Original Opinion
America Goes Back to Sleep on Gun Control, NRA Wide Awake

I spend a considerable amount of time and energy writing about political reality in an attempt to not necessarily become satisfied with it and complacent about it, but to use political reality as a means of changing the system from within. Ignoring reality and plowing ahead with a political agenda is sort of like trying to write a new and interesting song without knowing how to play a musical instrument. You can’t change music without knowing and embracing the basic vocabulary of music, and so it is with politics.
However, there’s one aspect of political and, in this case, social reality that continuously confounds me. Americans, including the most vocal liberal activists in social media and the blogs, have an excruciatingly short attention span.
Yesterday, David Frum linked to several statistics showing that the conversation about gun control has reverted back to December 13, 2012 levels — the day before the Sandy Hook massacre.

News coverage of gun control. Click to enlarge.
Maybe the answer to that question has to do with viewer demand. No, the press isn’t the only guilty party here. It turns out Twitter mentions of gun control dropped back to pre-Sandy Hook levels. Put another way, we lost interest, too, at least insofar as Twitter users are a somewhat accurate indicator of broader interest.

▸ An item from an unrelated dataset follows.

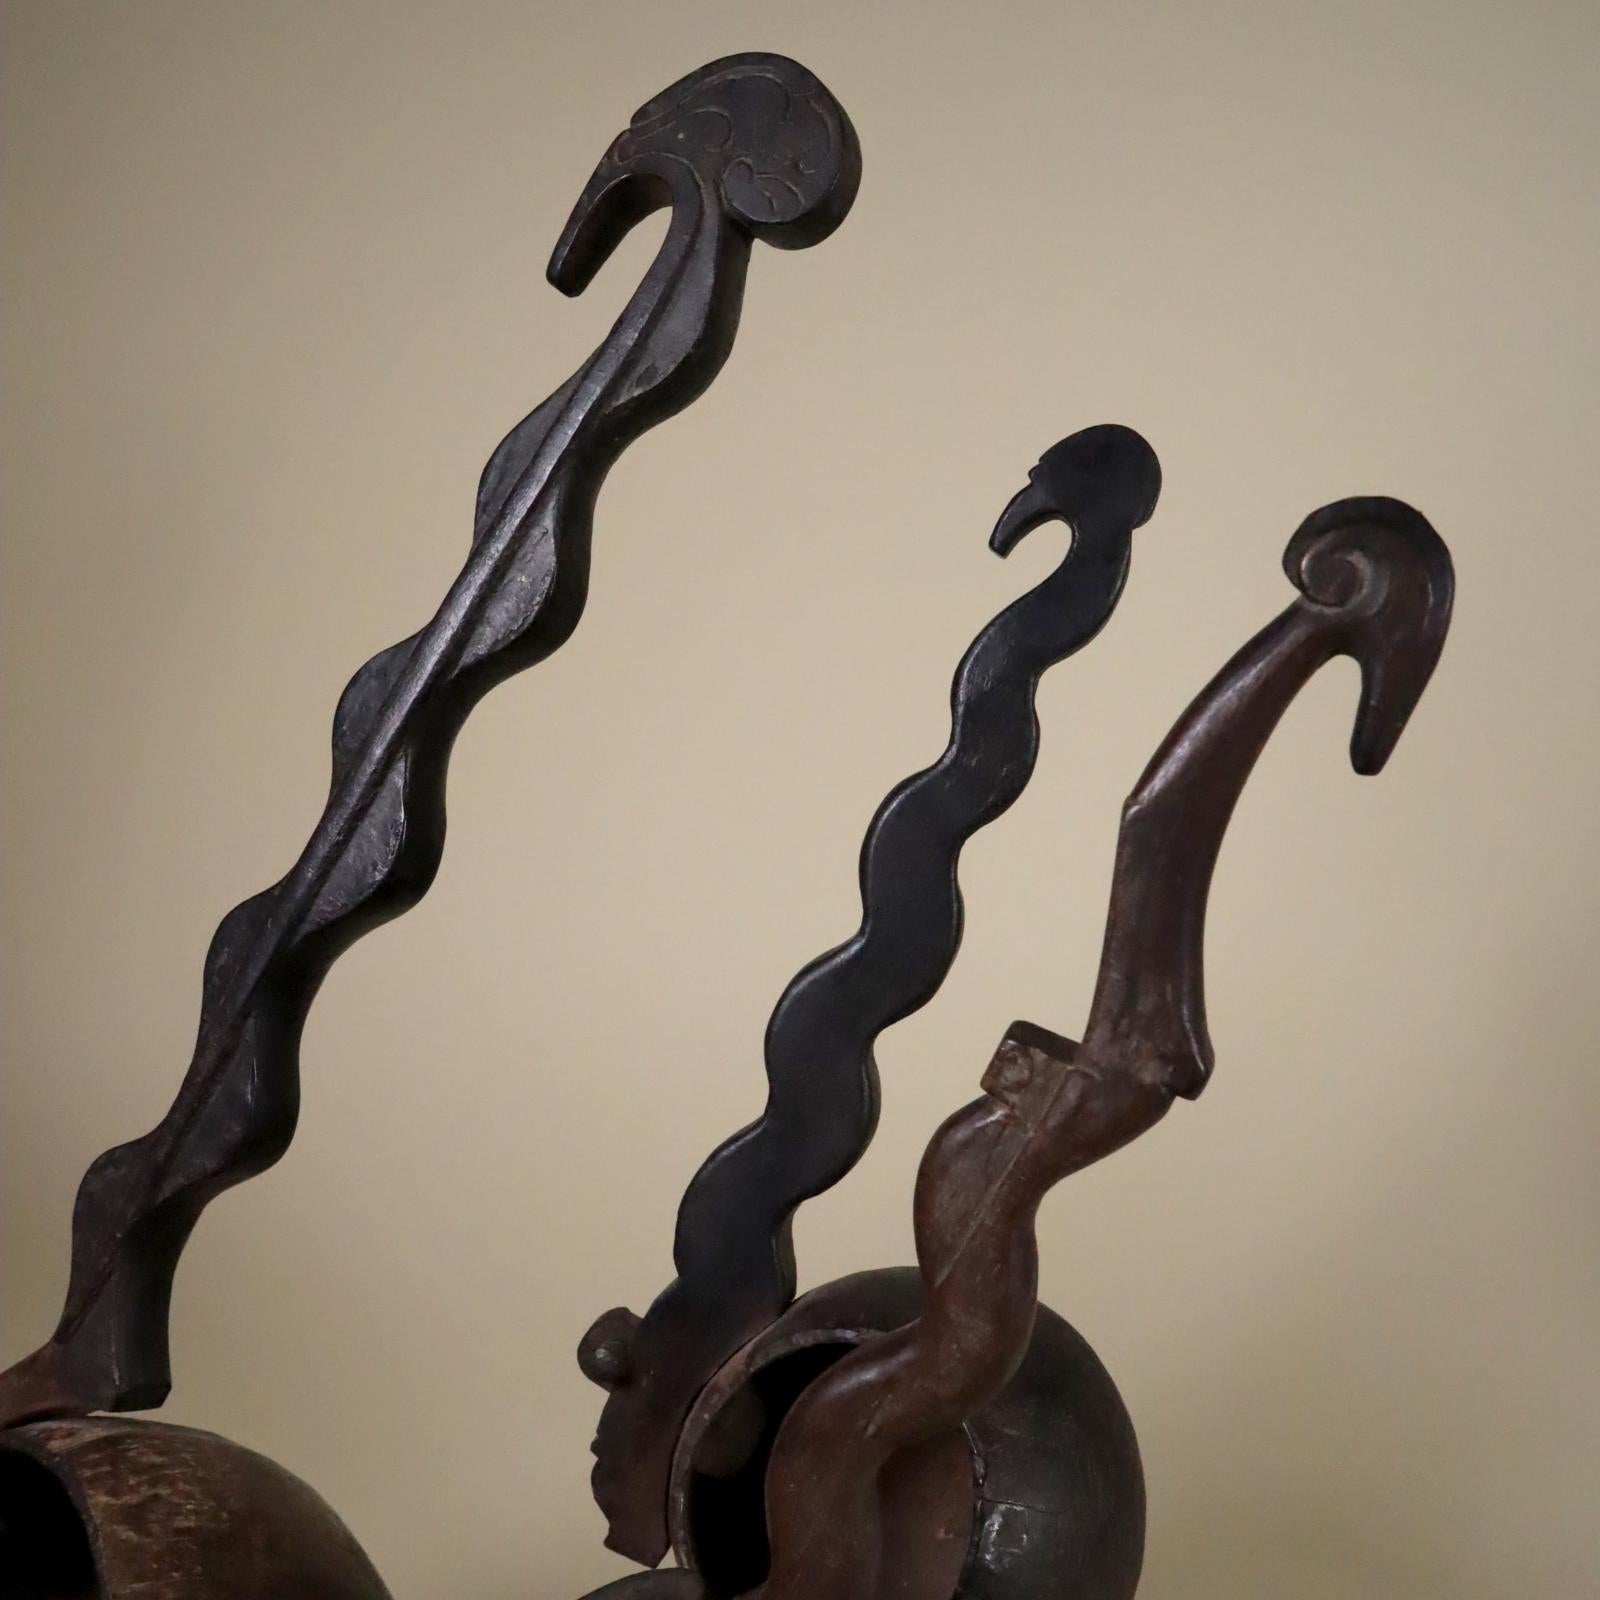 Store closing March 31. Last chance clearance sale.  Three elegant ceremonial holy water dippers. Serpentine, bird-headed wood handles with coconut bowls; the head of the handles are lightly incised with volutes. From Indonesia, not sure where,

Twitter mentions of gun control. Click to enlarge.
No one can force us to be interested in a topic, especially one as horrifying as Sandy Hook and gun violence, but if you’re asking yourself why there hasn’t been any serious gun control legislation in nearly 20 years, especially considering the sheer volume of mass shootings, it’s the fact that we can seldom retain enough outrage following a tragedy in order to adequately fuel positive changes. Again, that’s not to say we or the news media has to engage in wall-to-wall gun control coverage. But the numbers don’t even show a minor increase in public or media interest. It’s back to business as usual. Nothing.

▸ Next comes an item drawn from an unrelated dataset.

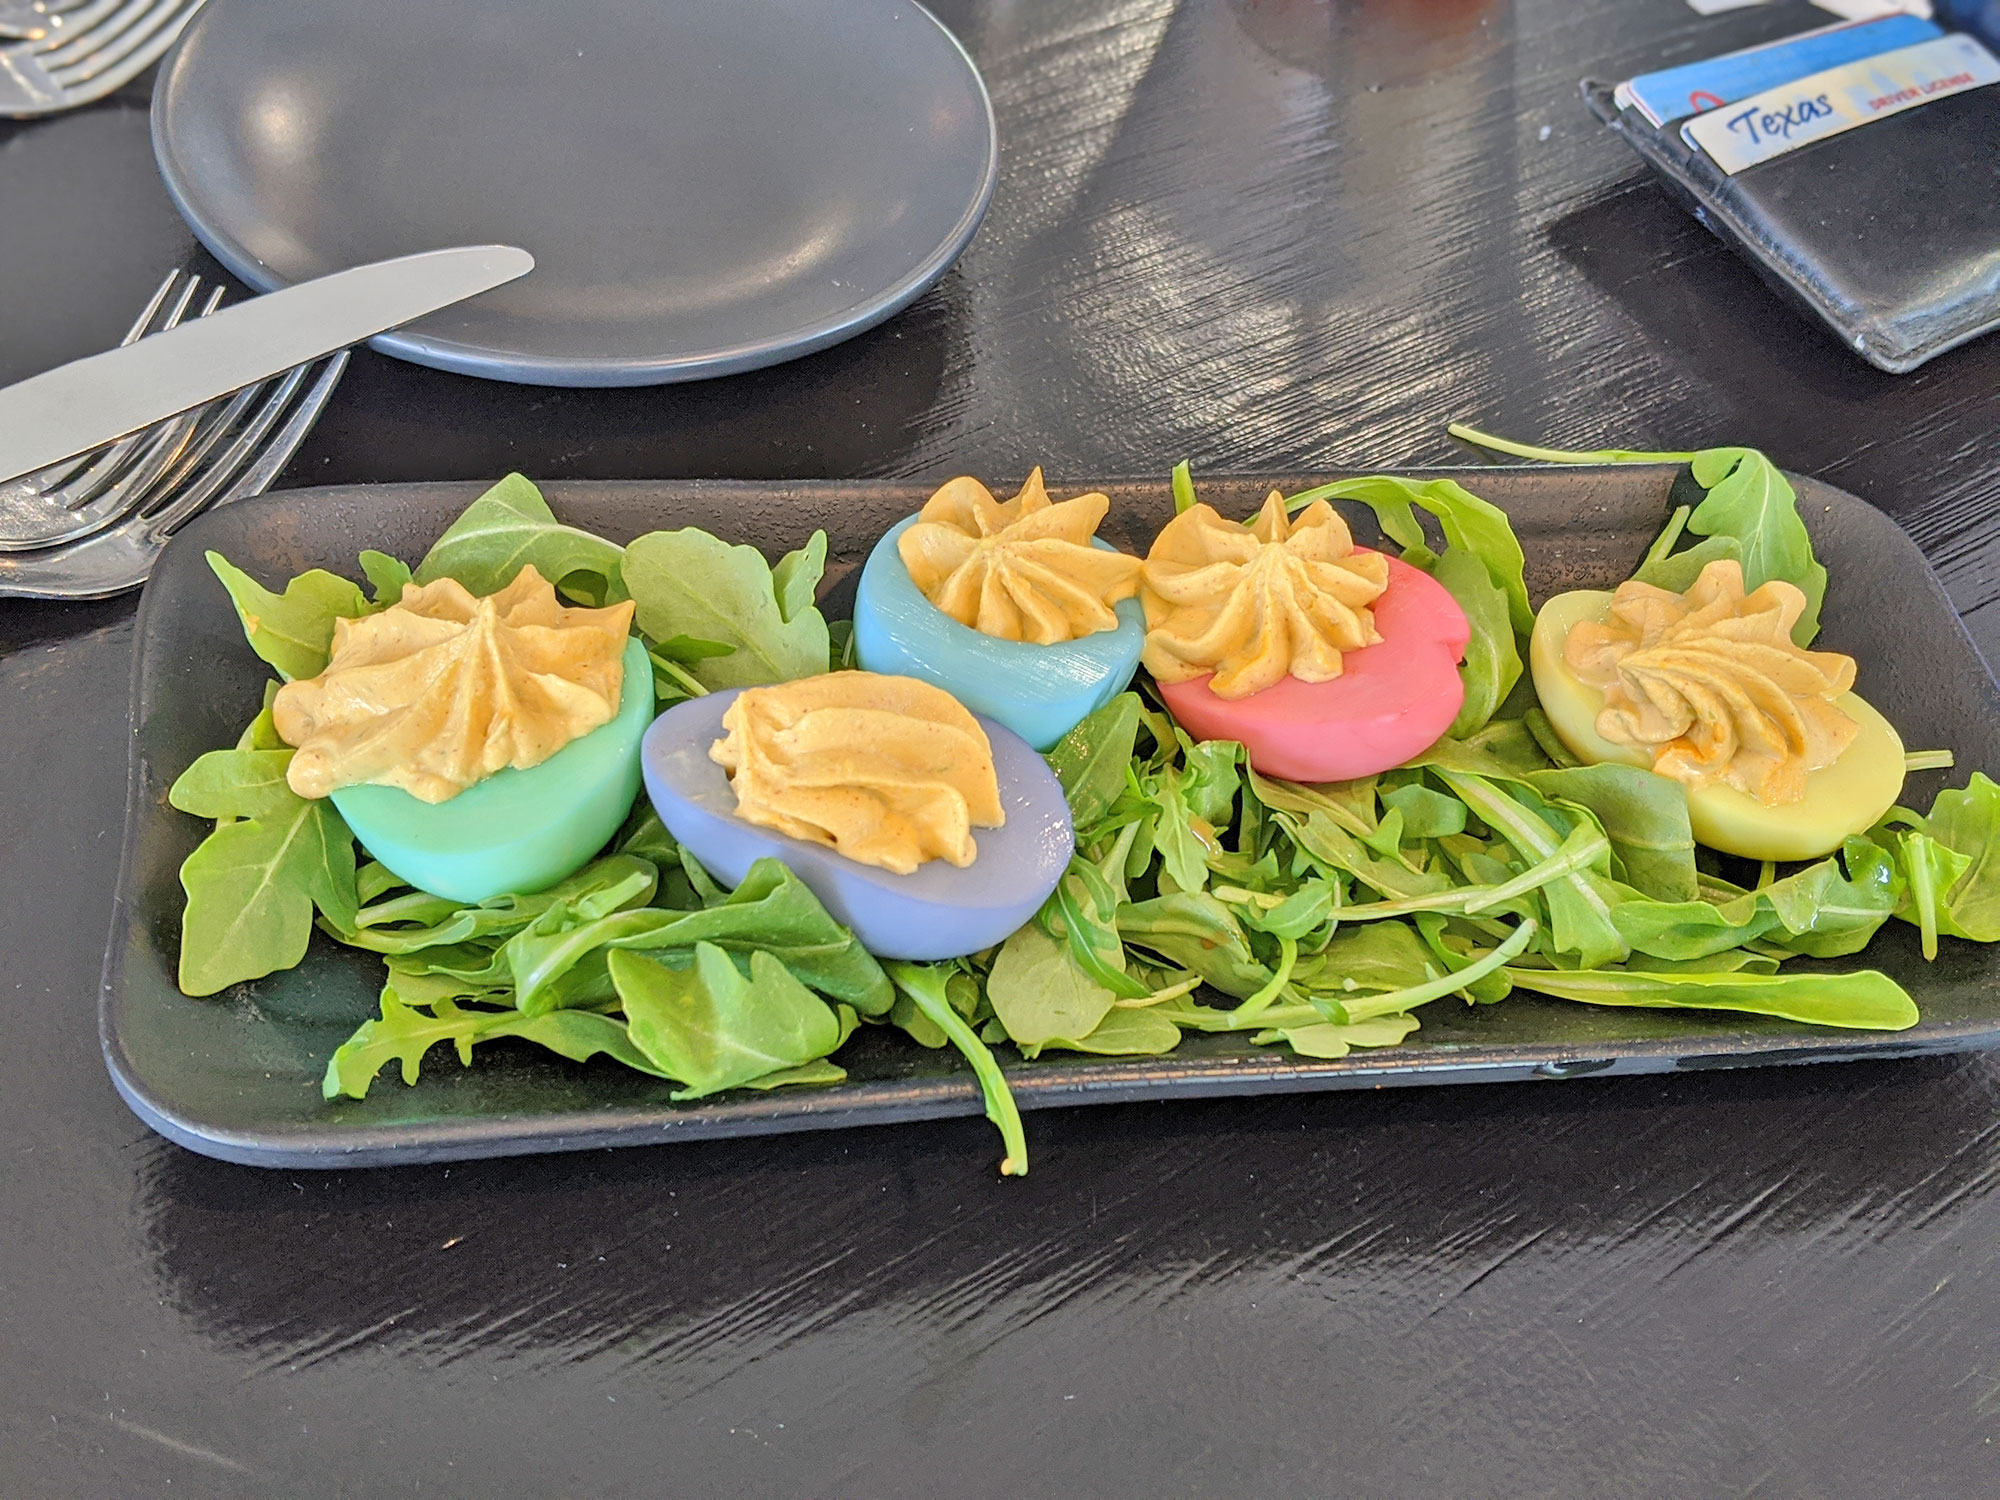 The deviled eggs brunch menu item at The Pines Rehoboth Beach.

Killed by firearms on Christmas Day: Alfreddie Gipson, 10 years old, and Sincere Smith, 2 years old.
Meanwhile, the NRA never sleeps.
We can count on the NRA to exploit the predictable receding of public interest to undermine any momentum for new gun laws. Fact. Consequently, we’ll see all kinds of nonsense bills emerging from Congress regarding video games or making sure there are more guns in schools, and all of this strategic ridiculousness will be relentlessly foisted upon the public as serious responses to the problem. Yet the only response is to get the guns, and we’ll only ever get there is to give a shit about gun control — to keep up the pressure on the news media and generate the critical mass necessary for serious change.